10. Successors and Assigns. Each of the covenants, conditions and agreements contained in this Amendment shall inure to the benefit of and shall apply to and be binding upon the parties hereto and their respective heirs, legatees, devisees, executors, administrators and permitted successors and assigns and sublessees. Nothing in this section shall in any way alter the provisions of the Lease restricting assignment or subletting.

 

11. Miscellaneous. This Amendment becomes effective only upon execution and delivery hereof by Landlord and Tenant. The captions of the paragraphs and subparagraphs in this Amendment are inserted and included solely for convenience and shall not be considered or given any effect in construing the provisions hereof. All exhibits hereto are incorporated herein by reference. Submission of this instrument for examination or signature by Tenant does not constitute a reservation of or option for a lease, and shall not be effective as a lease, lease amendment or otherwise until execution by and delivery to both Landlord and Tenant.

 

12. Authority.
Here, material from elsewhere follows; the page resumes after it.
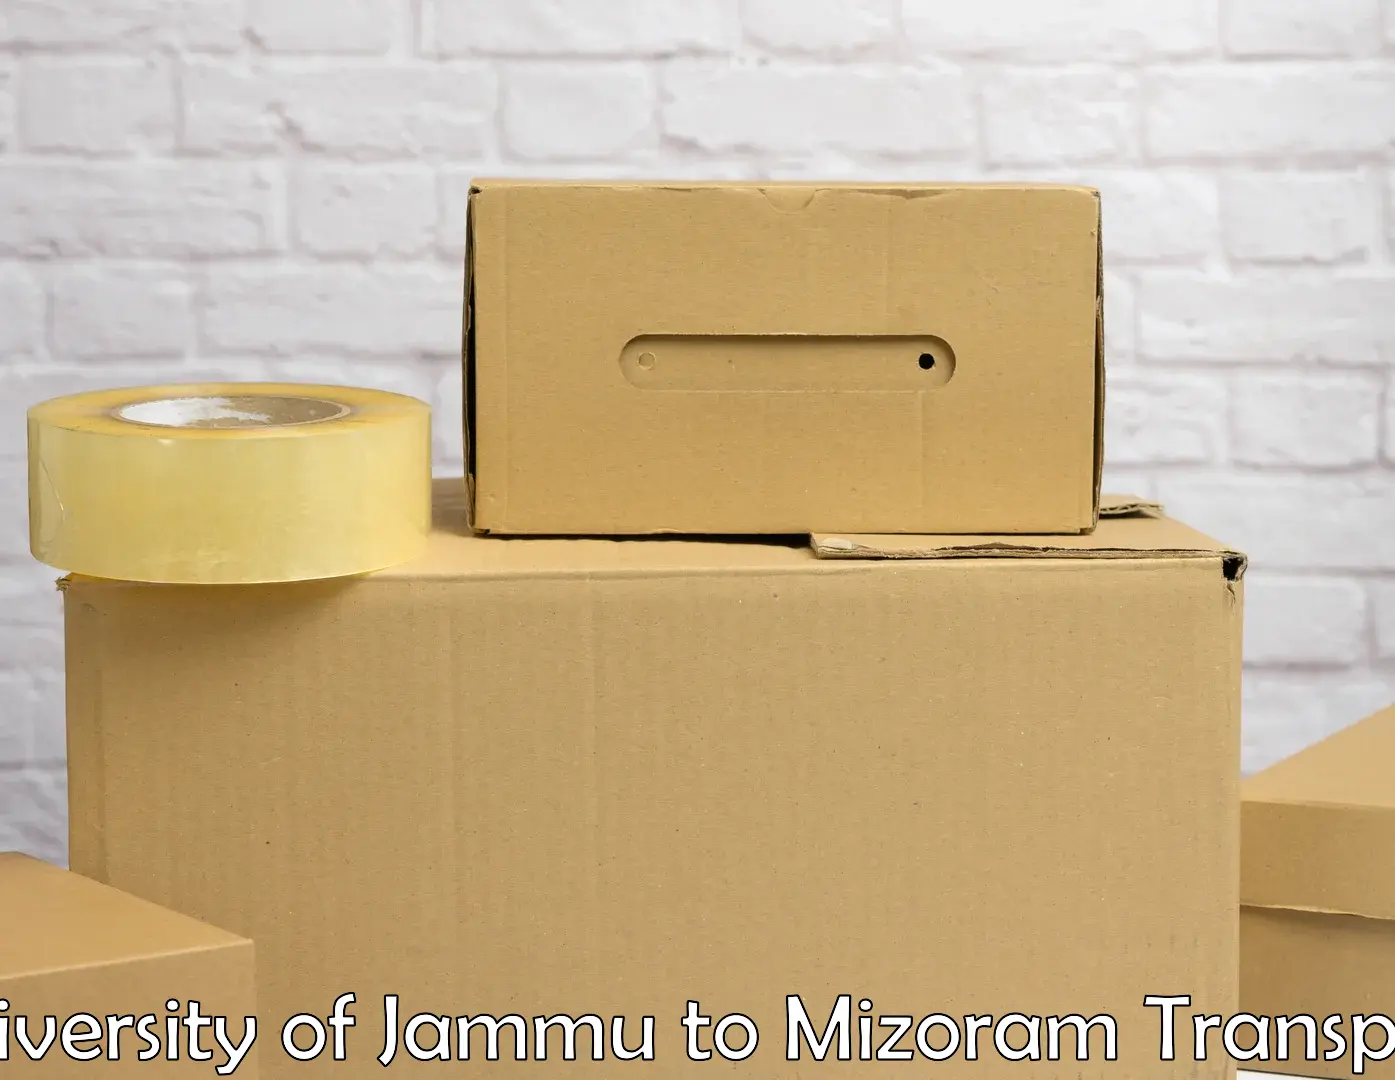 Sending bike to another city University of Jammu to Khawzawl

Tenant guarantees, warrants and represents that the individual or individuals signing this Amendment have the power, authority and legal capacity to sign this Amendment on behalf of and to bind all entities, corporations, partnerships, limited liability companies, joint venturers or other organizations and entities on whose behalf such individual or individuals have signed.

 

13. Counterparts; Facsimile and PDF Signatures. This Amendment may be executed in one or more counterparts, each of which, when taken together, shall constitute one and the same document. A facsimile or portable document format (PDF) signature on this Amendment shall be equivalent to, and have the same force and effect as, an original signature.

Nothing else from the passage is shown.